European rabbis: EU ruling on religious garb means Jews, Muslims unwelcome
Published March 14, 2017
PARIS (JTA) — European rabbis condemned an E.U. court’s ruling allowing firms to prohibit employees’ religious clothes and symbols, saying the ruling amounts to saying that “faith communities are no longer welcome.”
The ruling Tuesday by the European court of justice in Luxembourg also said that customers cannot simply demand that workers remove headscarves if the company has no policy barring religious symbols. “An internal rule of an undertaking which prohibits the visible wearing of any political, philosophical or religious sign does not constitute direct discrimination,” the court said in a statement.
The ruling, which came amid a rise in the popularity of anti-Muslim politicians in Europe over the proliferation of jihadist attacks on the continent and ethnic and religious tensions, was on two lawsuits filed by Muslim employees who were sanctioned for wearing religious symbols or prohibited from doing so.
“This decision sends signals to all religious groups in Europe,” Rabbi Pinchas Goldschmidt, president of the Conference of European Rabbis, said in a statement Tuesday. “With the rise of racially motivated incidents and today’s decision, Europe is sending a clear message; its faith communities are no longer welcome. Political leaders need to act to ensure that Europe does not isolate religious minorities and remains a diverse and open continent.”
One of the lawsuits that led to the ruling was by an employee of the Belgian branch of G4S, the London-listed outsourcing and security company. After three years at the firm she decided she wanted to start wearing a headscarf at work for religious reasons. She was fired in June 2006 for refusing to take off her scarf. The company said she had broken unwritten rules prohibiting religious symbols.

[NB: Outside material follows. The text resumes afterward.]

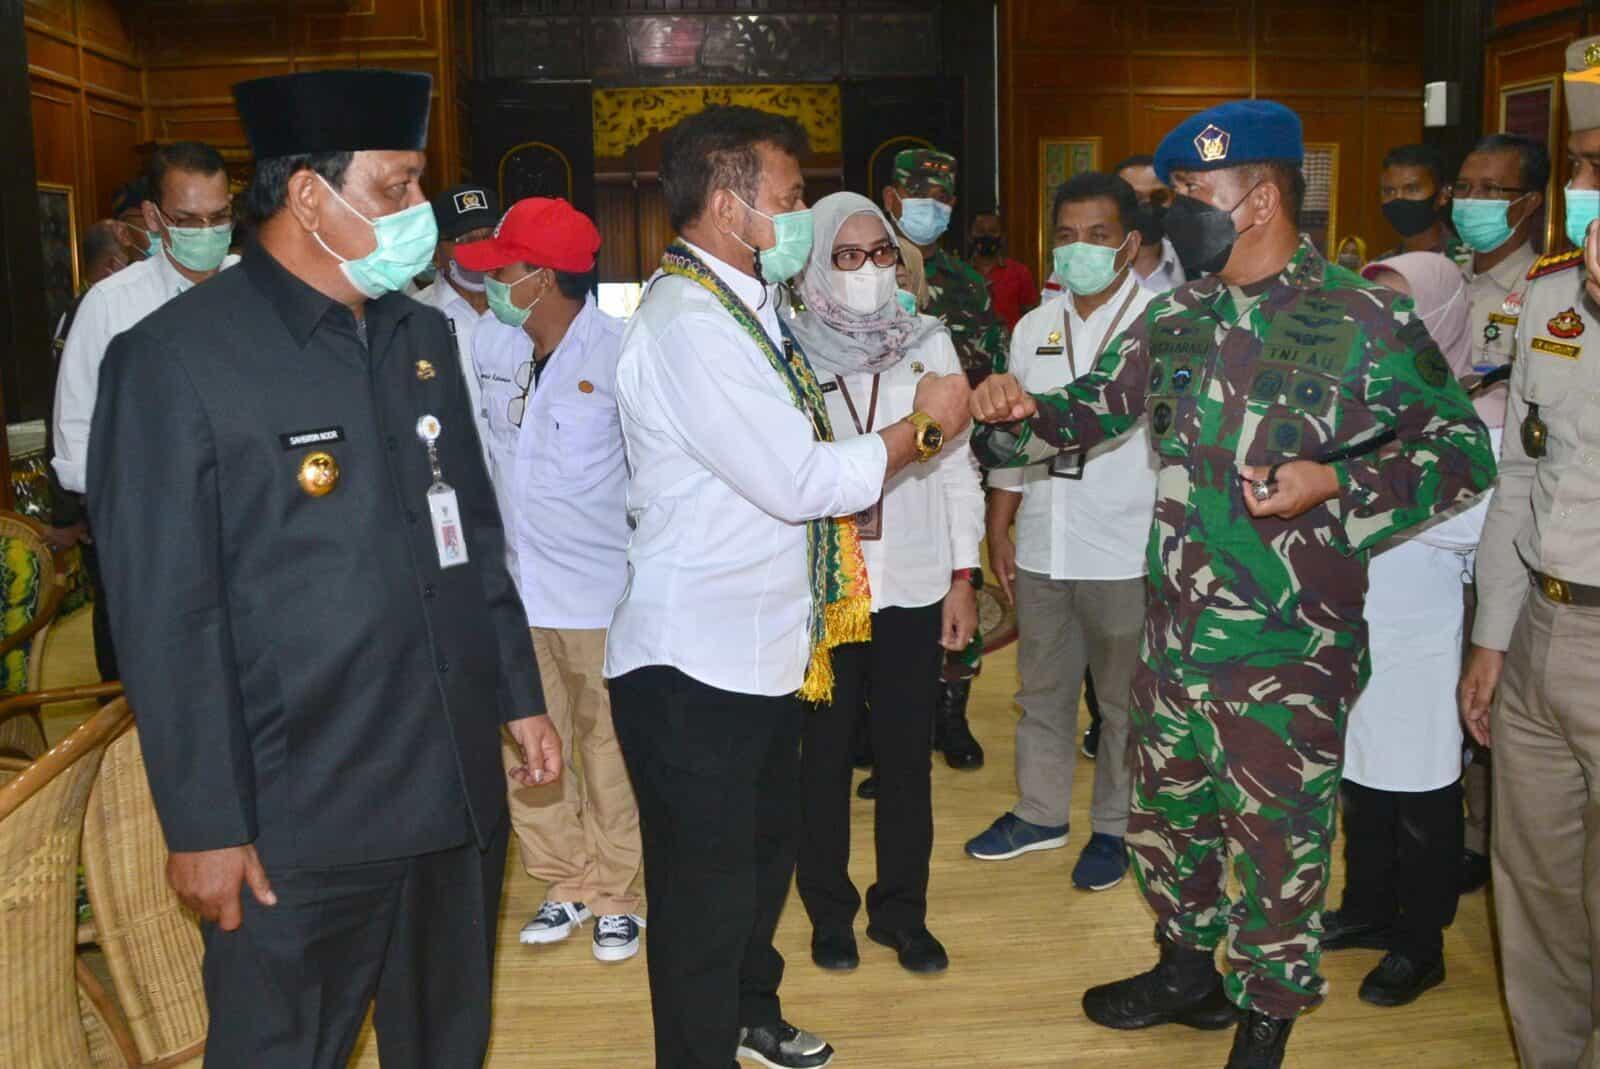 Komandan Lanud Sjamsudin Noor Turut Sambut Kedatangan Menteri Pertanian RI Dalam Rangka Meninjau Bencana Banjir Yang Melanda Wilayah Kalimantan Selatan

In the second case, design engineer Asma Bougnaoui was fired from a consultancy firm, Micropole, following a complaint from a customer who claimed his staff had been “embarrassed” by her headscarf while she was on their premises giving advice. Before taking the job she had been told that wearing a headscarf might pose problems for the company’s customers.
In the summer of 2016, dozens of French municipalities banned, with the backing of the French government, bathers from wearing a full-body swimsuit favored by Muslim women that is known as the burkini. While the move, which a French court ruled was unconstitutional, was opposed by many Europeans who believed it violated personal and religious freedoms, it was supported by many others who regarded the burkini and other clothing favored by Muslims as a political statement.
Marine Le Pen, the leading candidate int eh presidential race in France, said she would ban all Muslim head-covering gear if she is elected. Asked whether she would do the same for the kippah, she has said that she would do so to preserve equality.